### Data extract:
▽
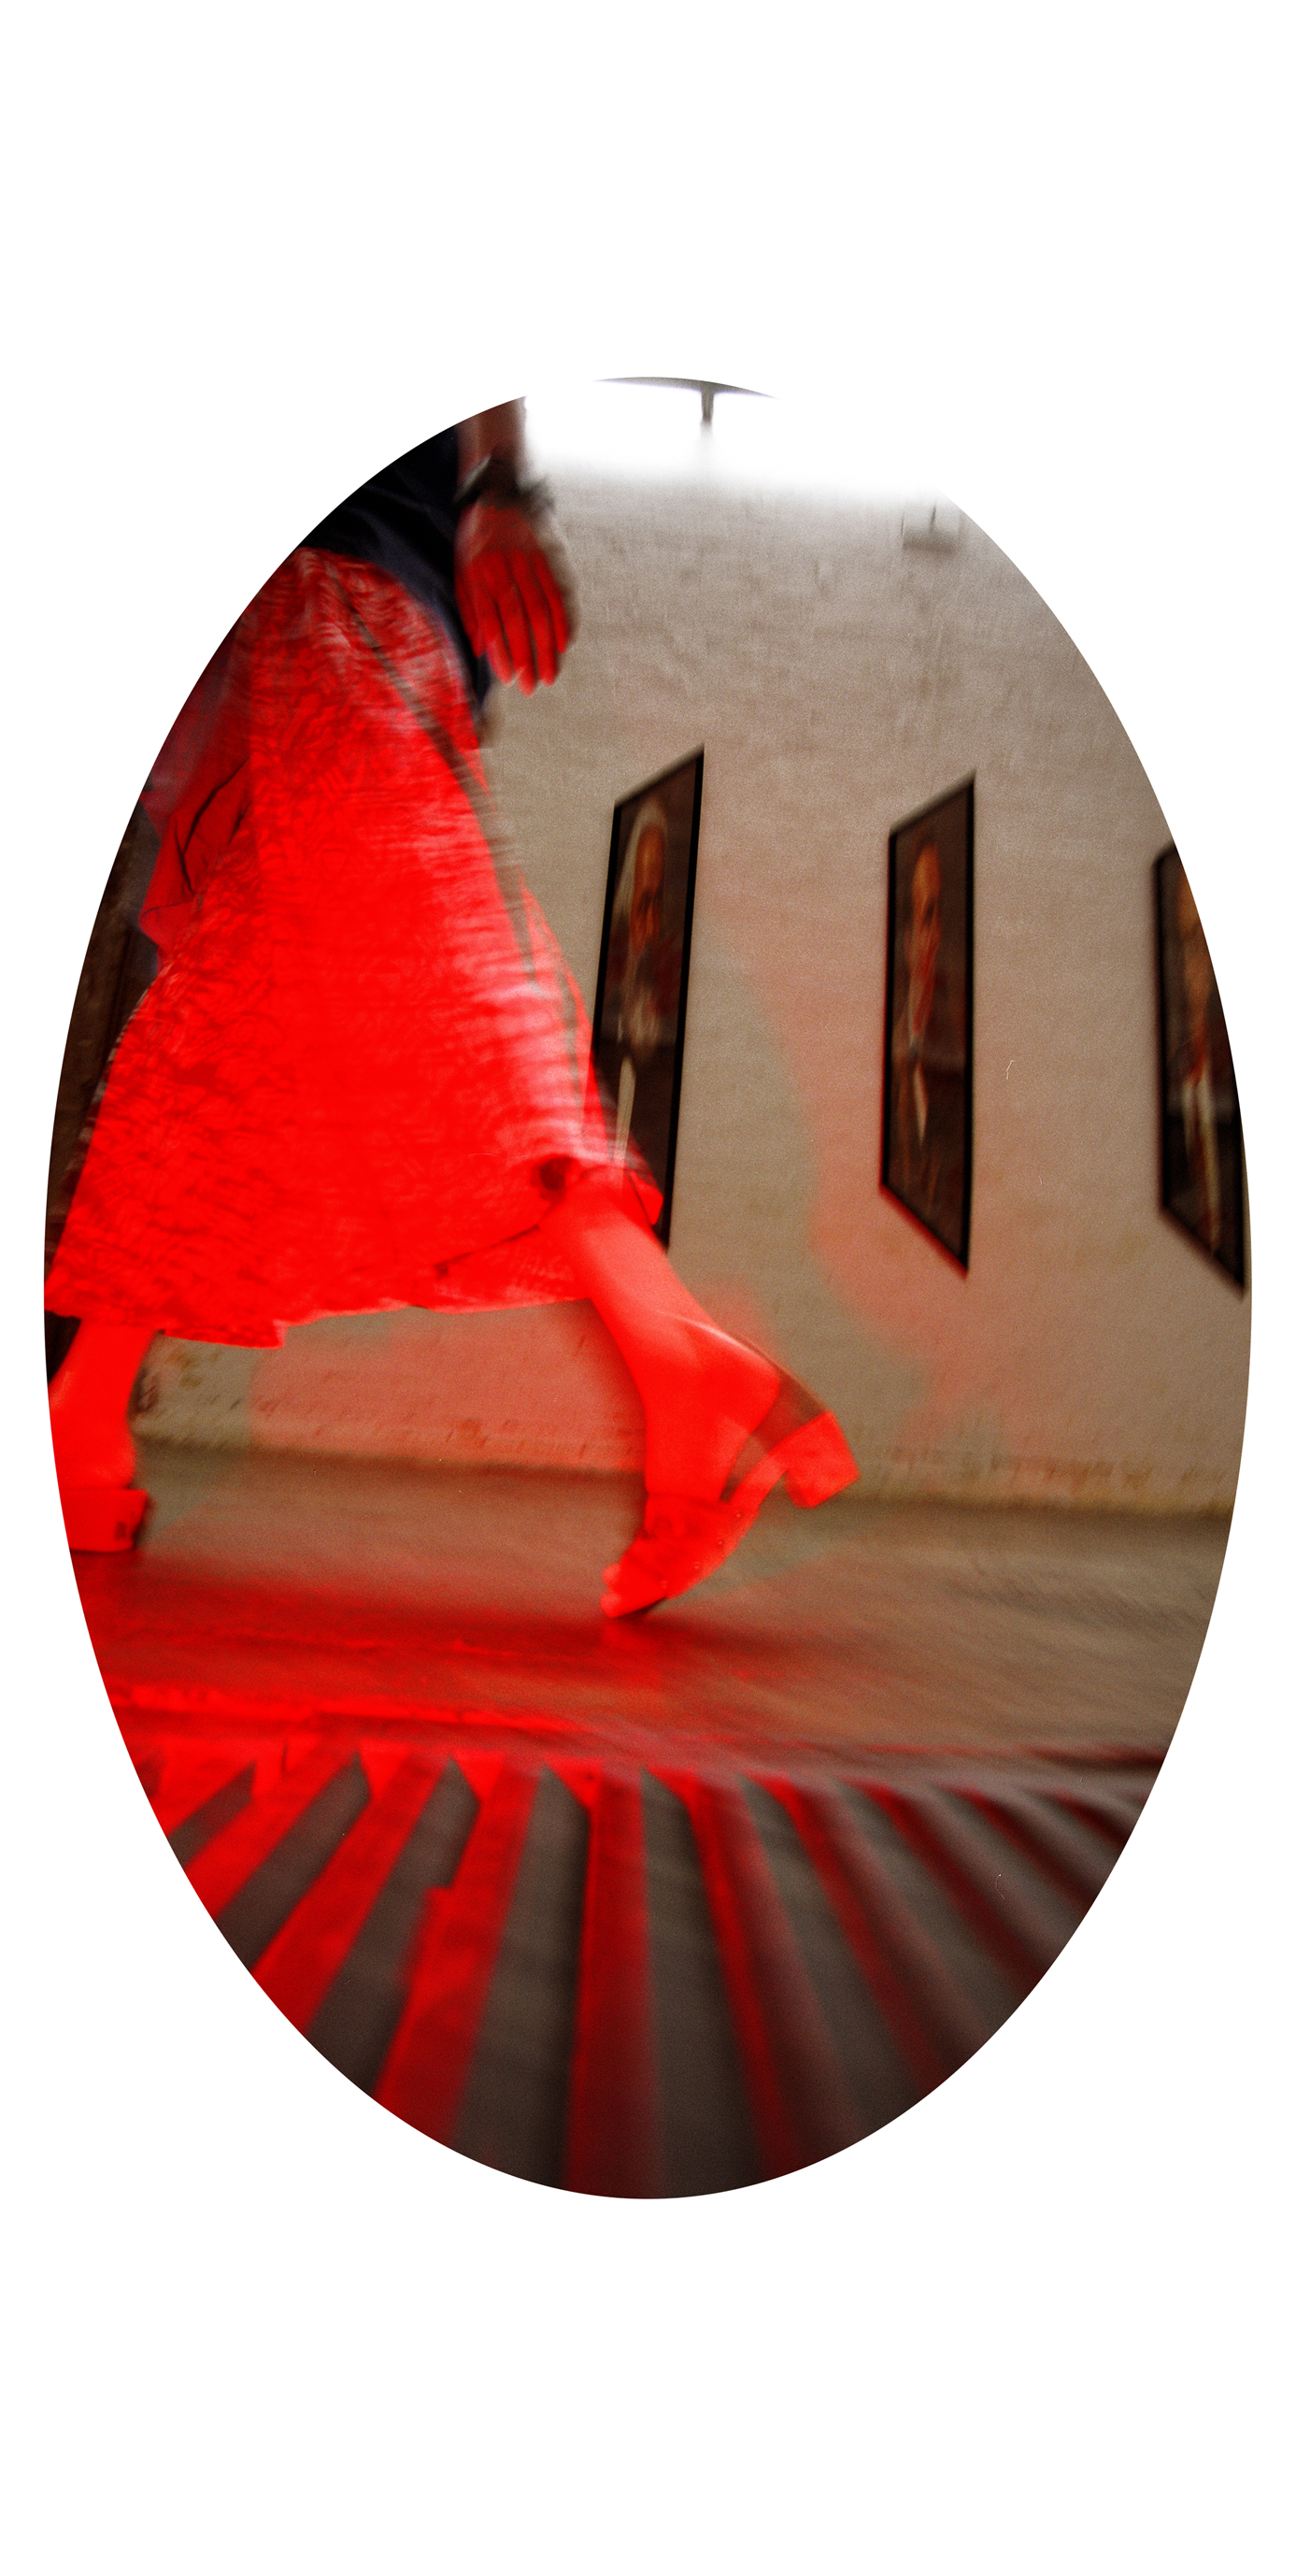 6-the unbearable lightness of Takako dress-Moyi - Dog eye - Chongzi & her red skirt - 09-moyi-photography-of-china.jpg
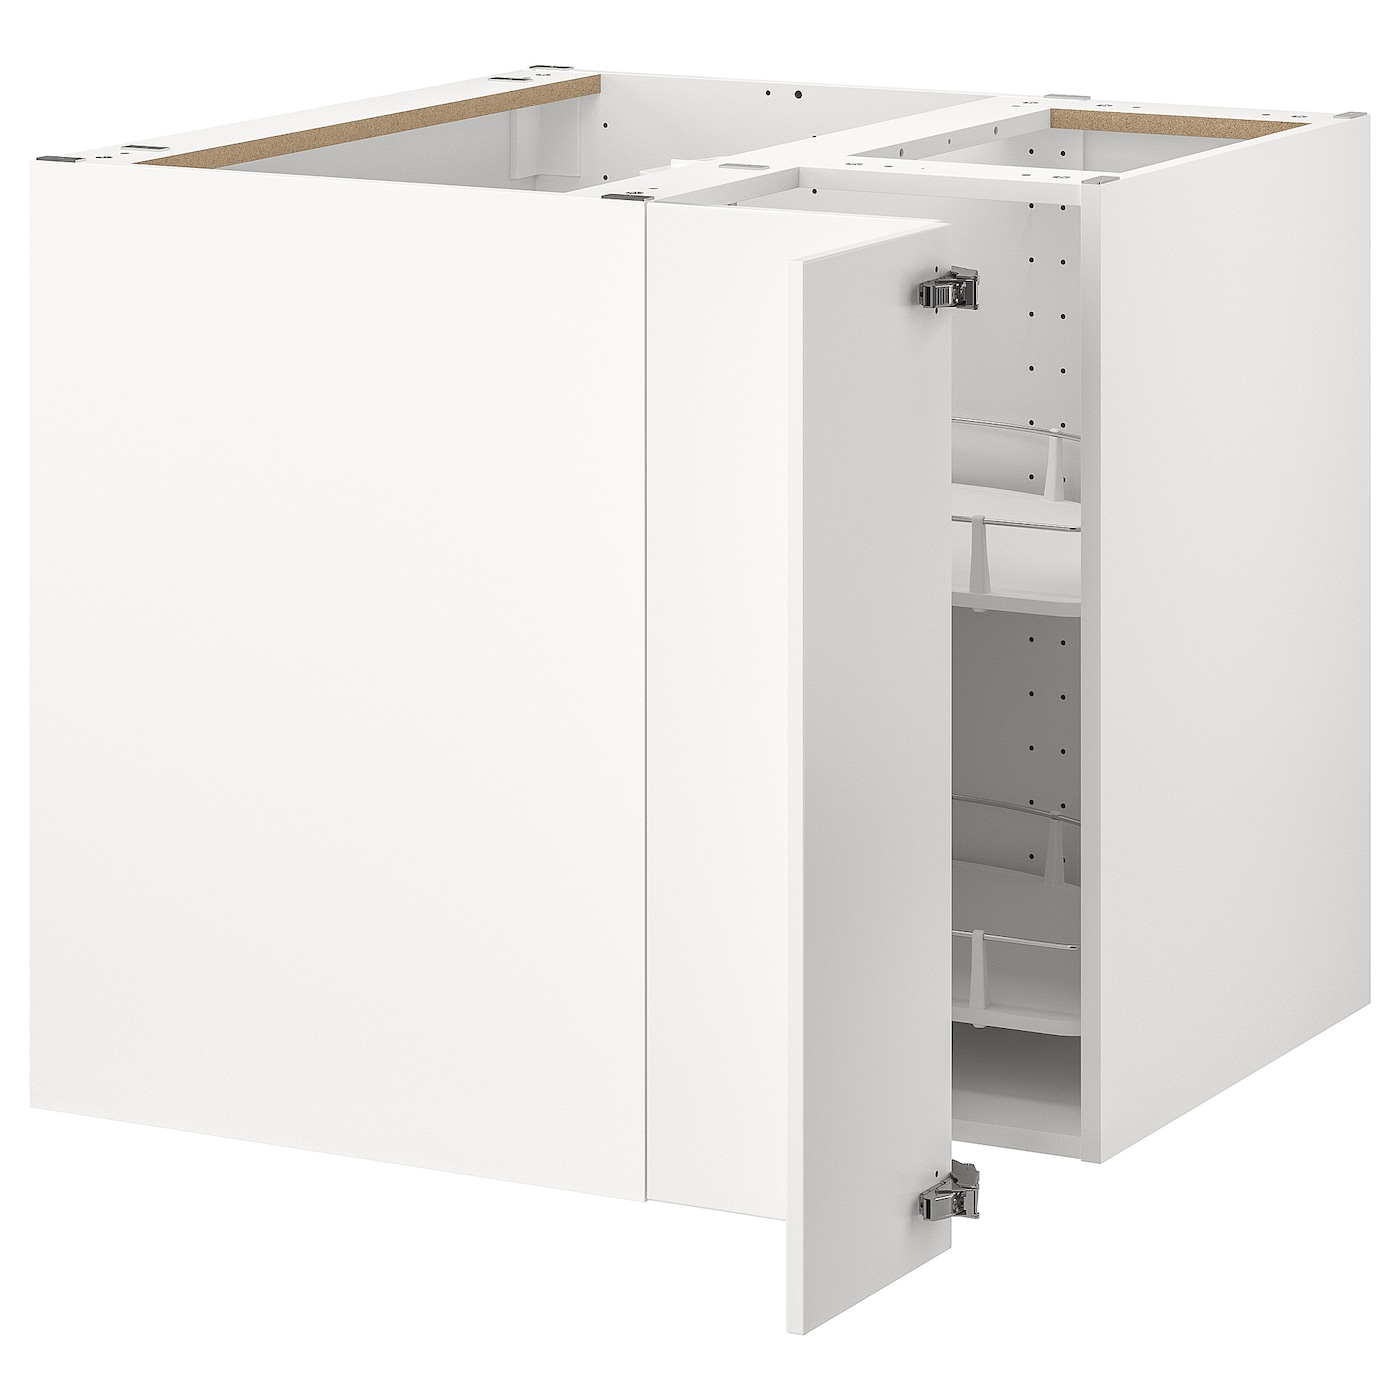 METOD Corner base cabinet with carousel - white/Veddinge white 11x11 cm
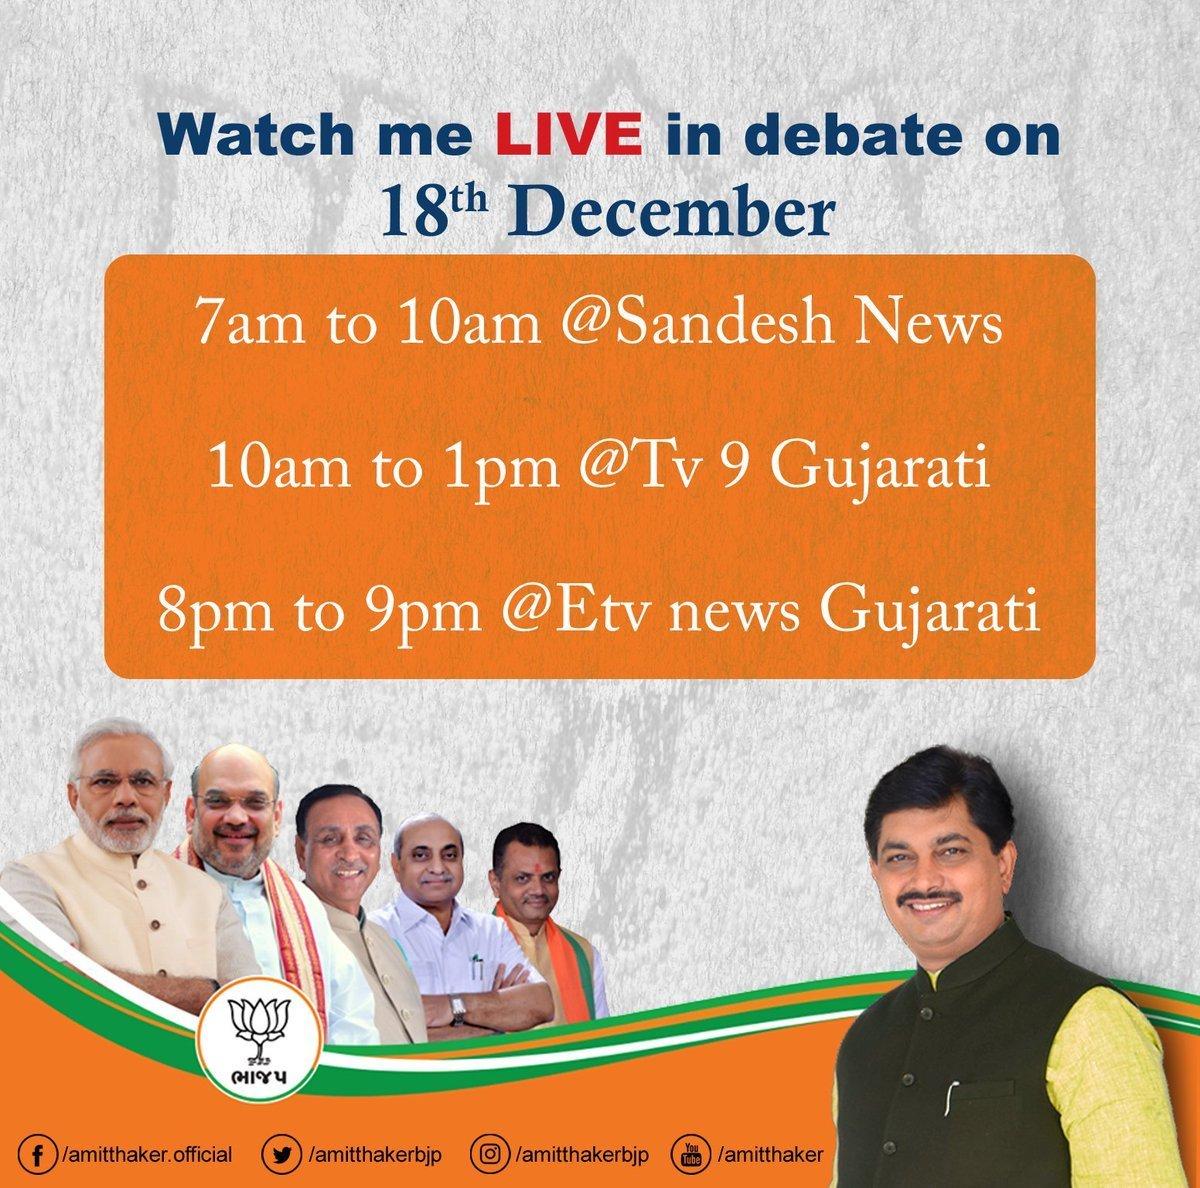 Watch me Live on Debate on 18 th December   Let
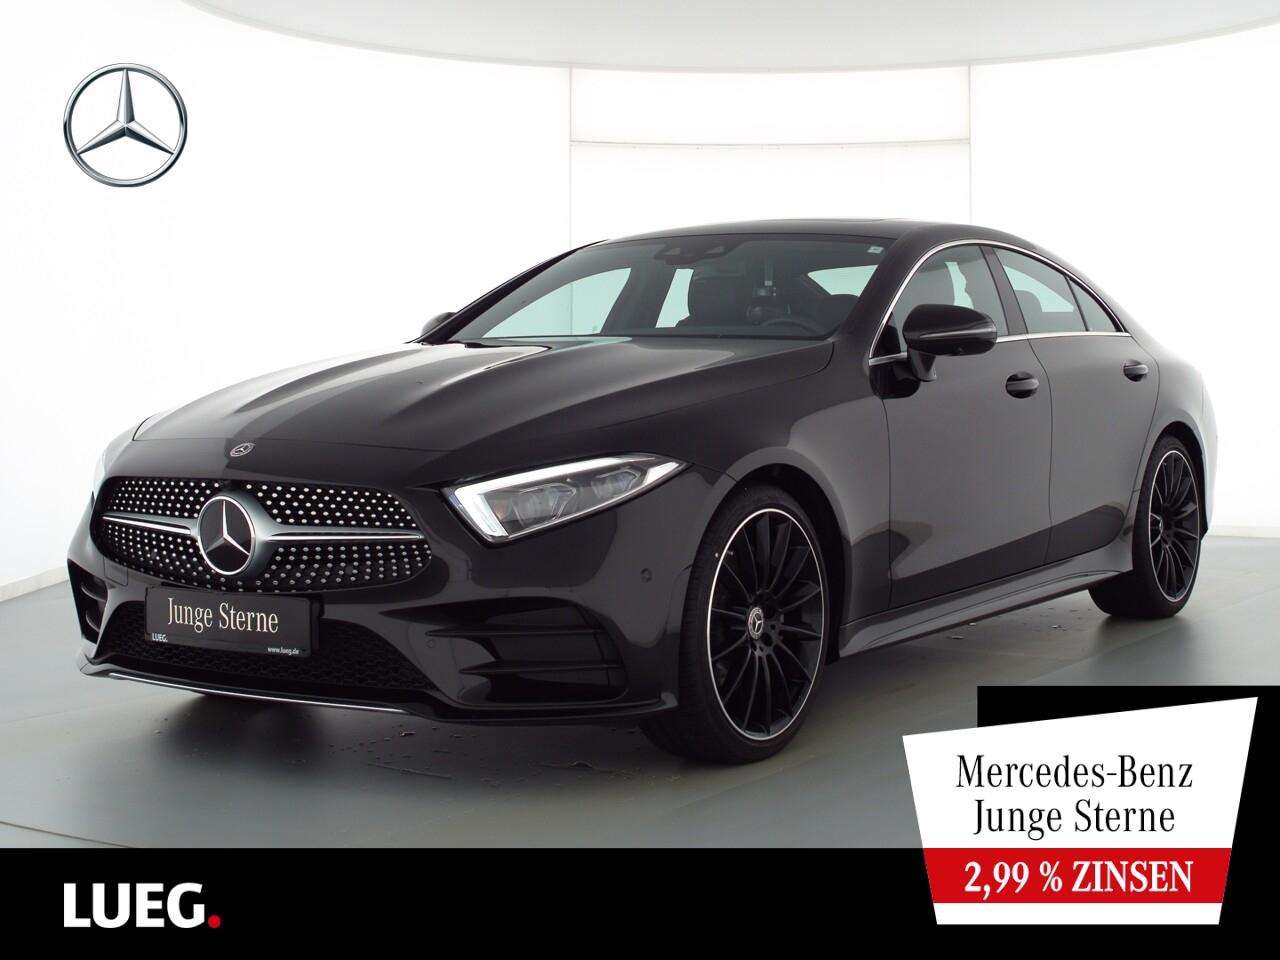 Mercedes-Benz CLS 220 d AMG+MBUX+SHD+Mbeam+Distr+20''+Mem+360G, Jahr 2019, Diesel
△
### Requirement:
Your reply should hold exactly the lines from the line containing "METOD Corner base" through the final line of the listing, and none of the pictures.

### Task solution:
 METOD Corner base cabinet with carousel - white/Veddinge white 11x11 cm
 Watch me Live on Debate on 18 th December   Let
 Mercedes-Benz CLS 220 d AMG+MBUX+SHD+Mbeam+Distr+20''+Mem+360G, Jahr 2019, Diesel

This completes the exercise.